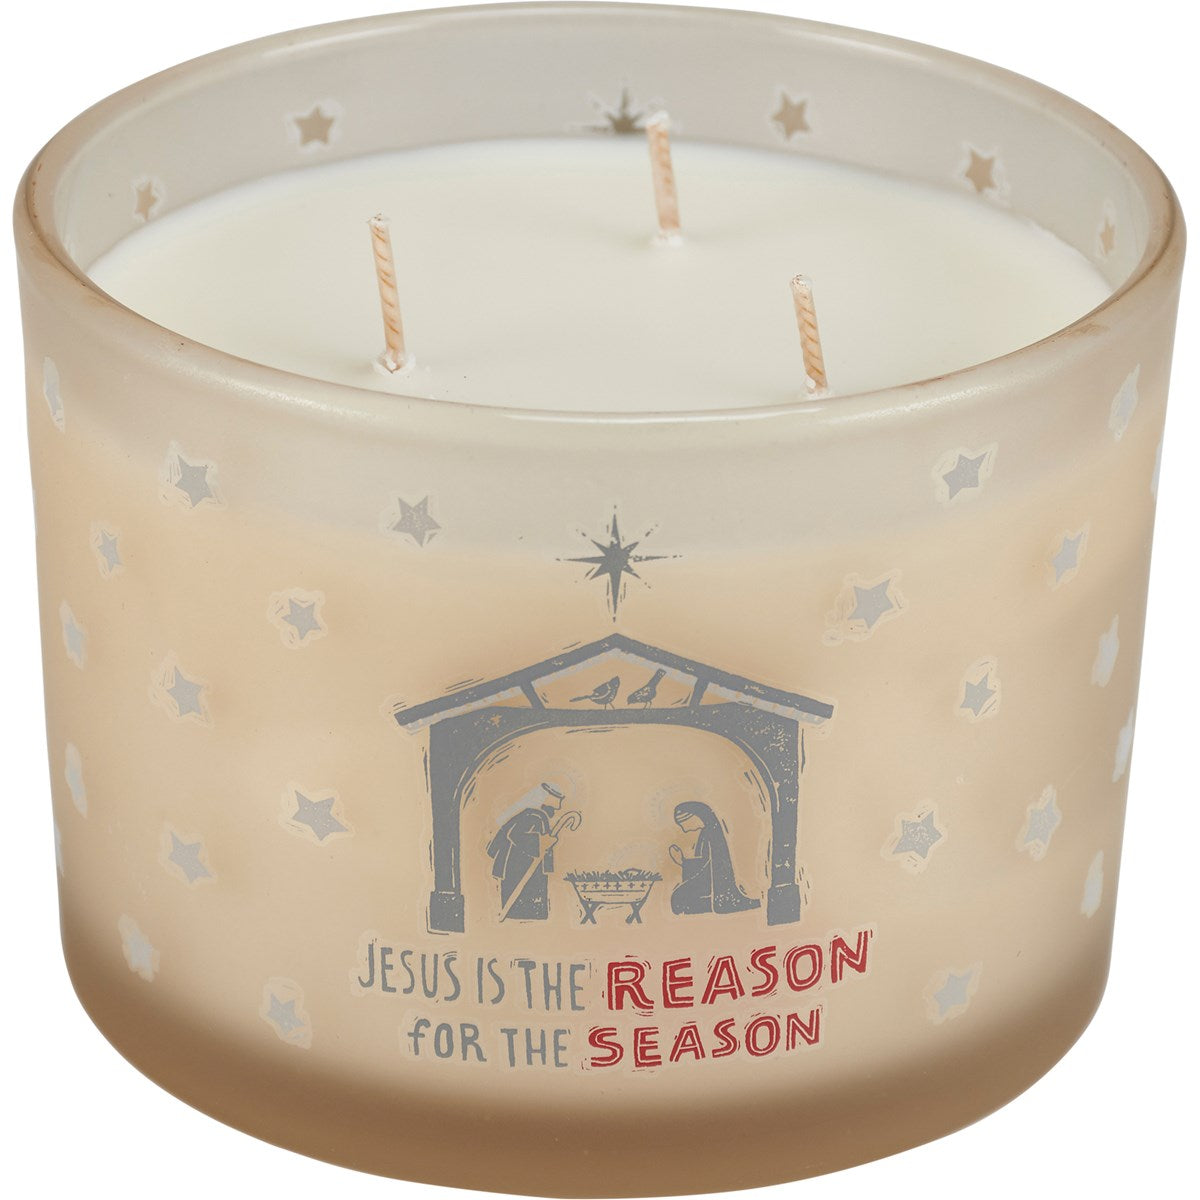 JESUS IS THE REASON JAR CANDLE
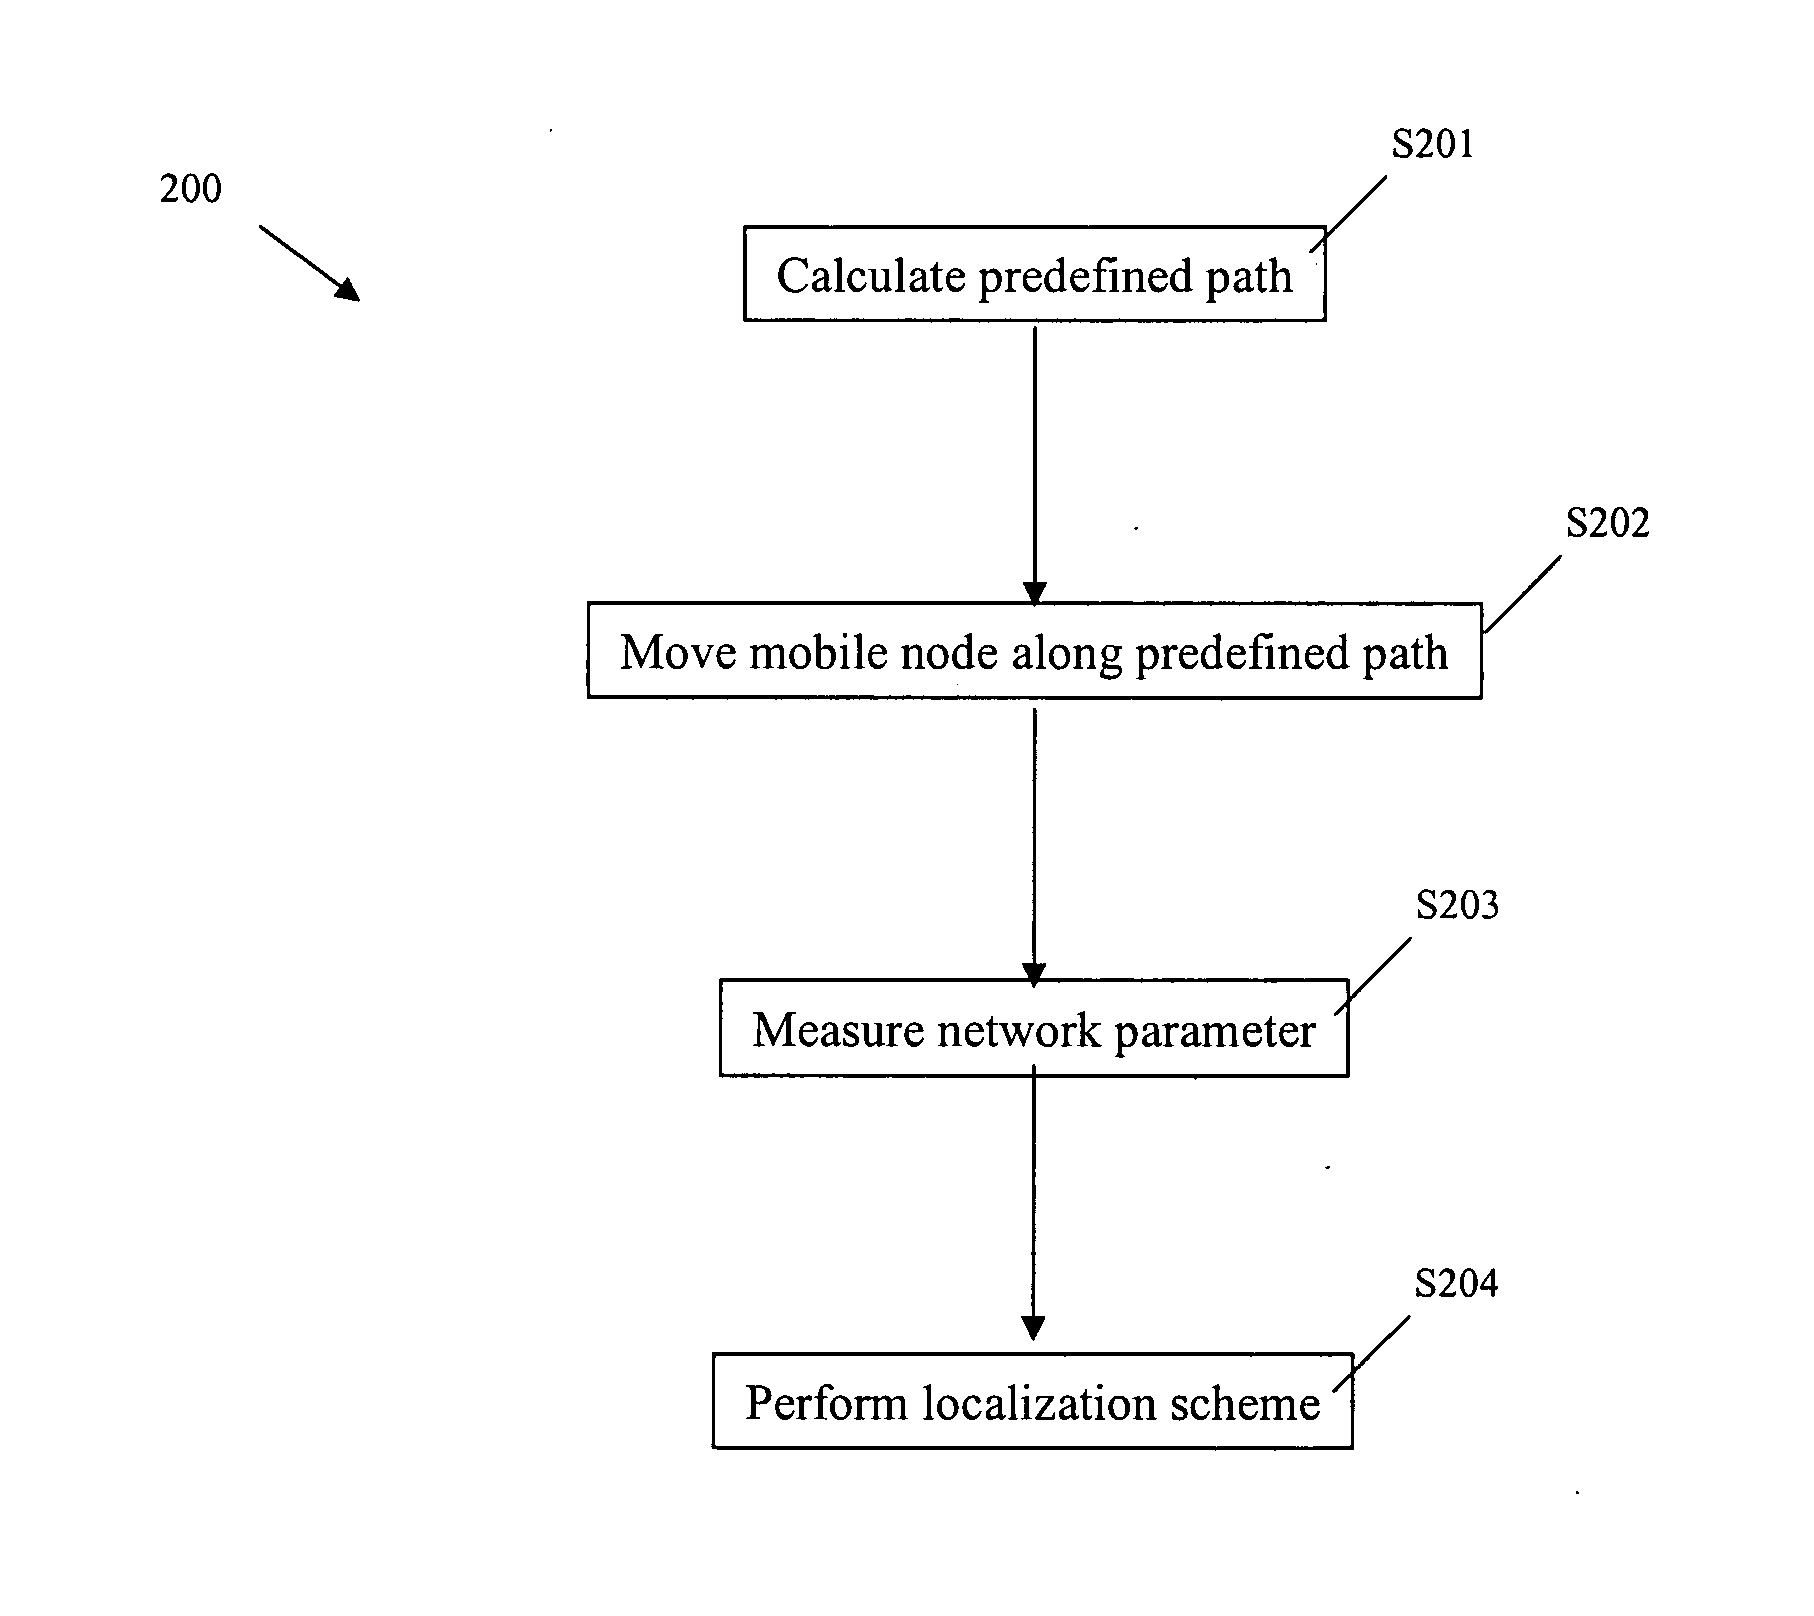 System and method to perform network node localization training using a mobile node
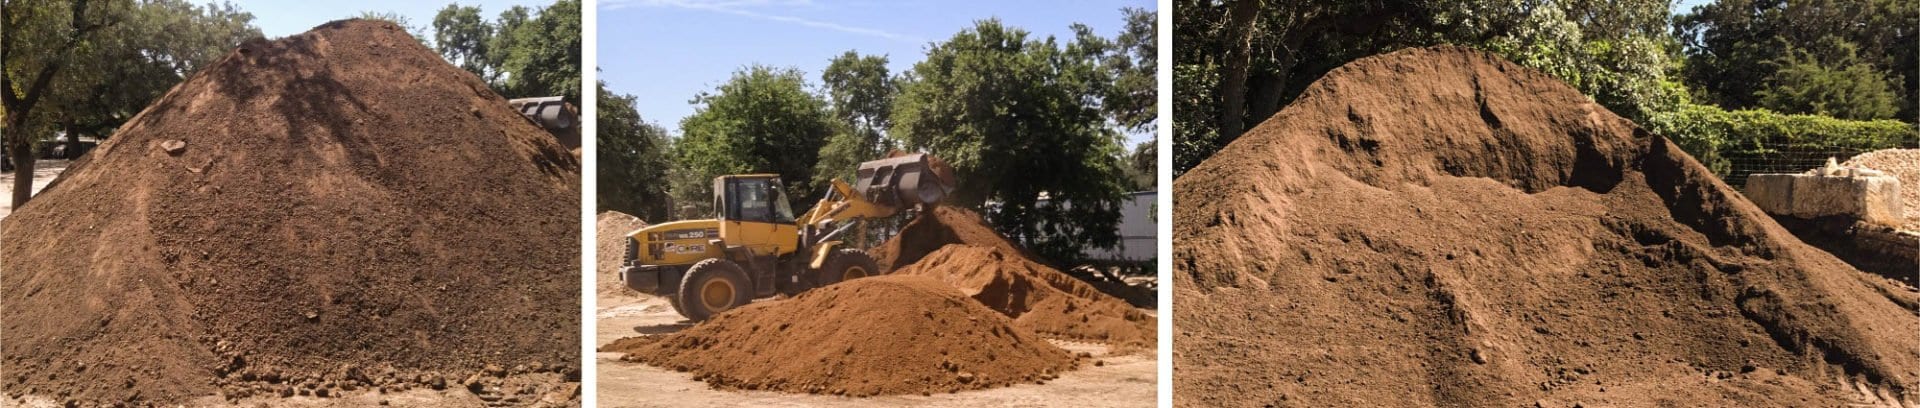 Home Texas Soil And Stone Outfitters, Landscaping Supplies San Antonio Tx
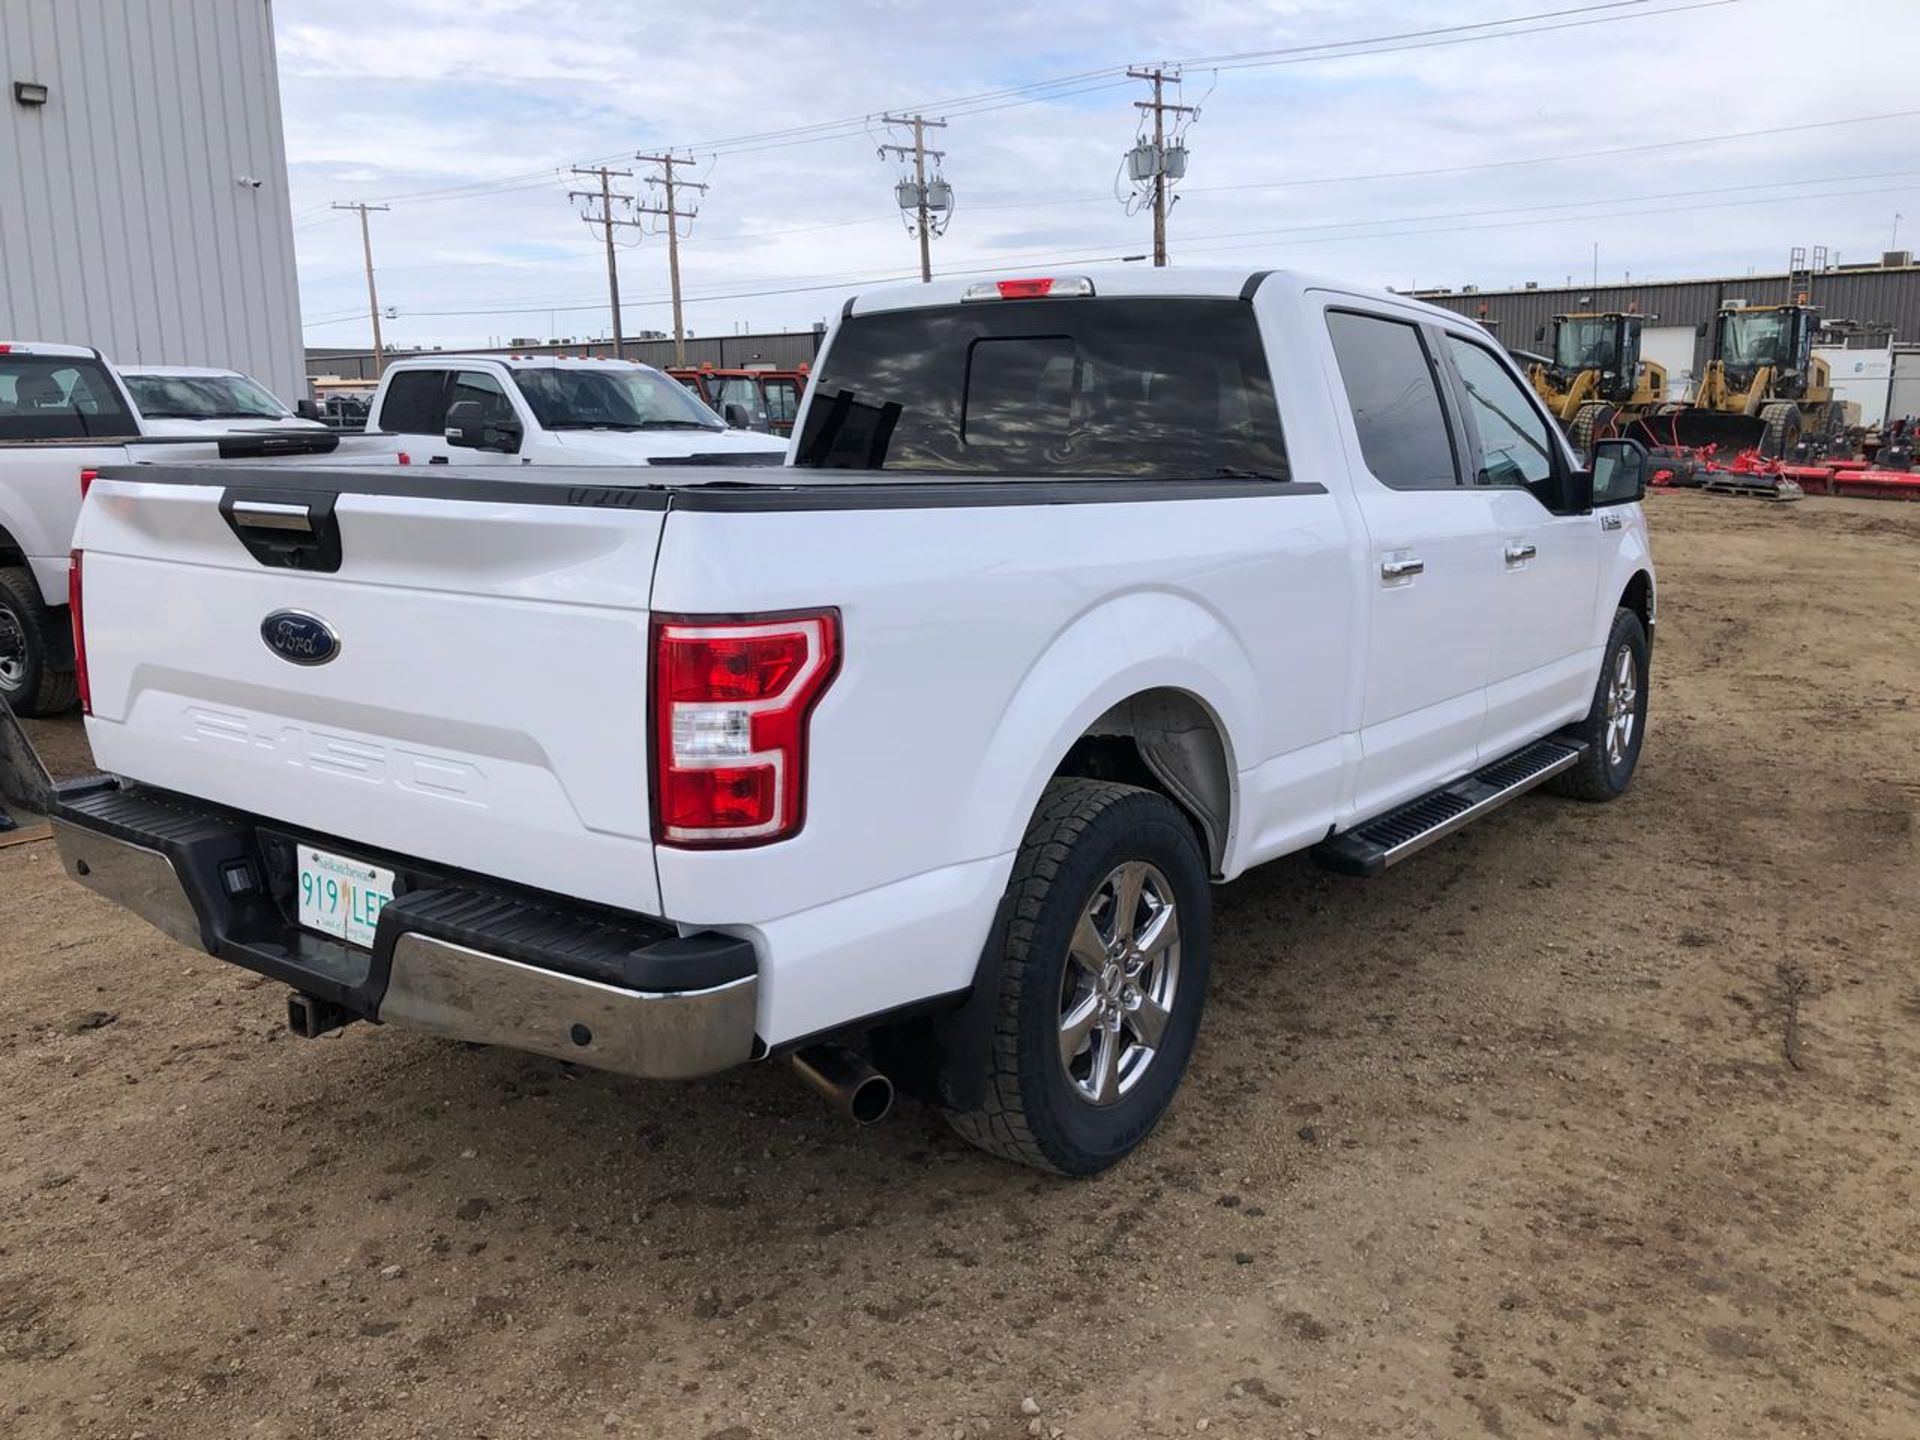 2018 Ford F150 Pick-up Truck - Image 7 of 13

§ **Assigned task**
The copy must start at the line containing "System and method" and end at the last line of the data, matching each line exactly. It must hold no pictures.

§ **Exercise answer**
 System and method to perform network node localization training using a mobile node
 Home Texas Soil And Stone Outfitters, Landscaping Supplies San Antonio Tx
 2018 Ford F150 Pick-up Truck - Image 7 of 13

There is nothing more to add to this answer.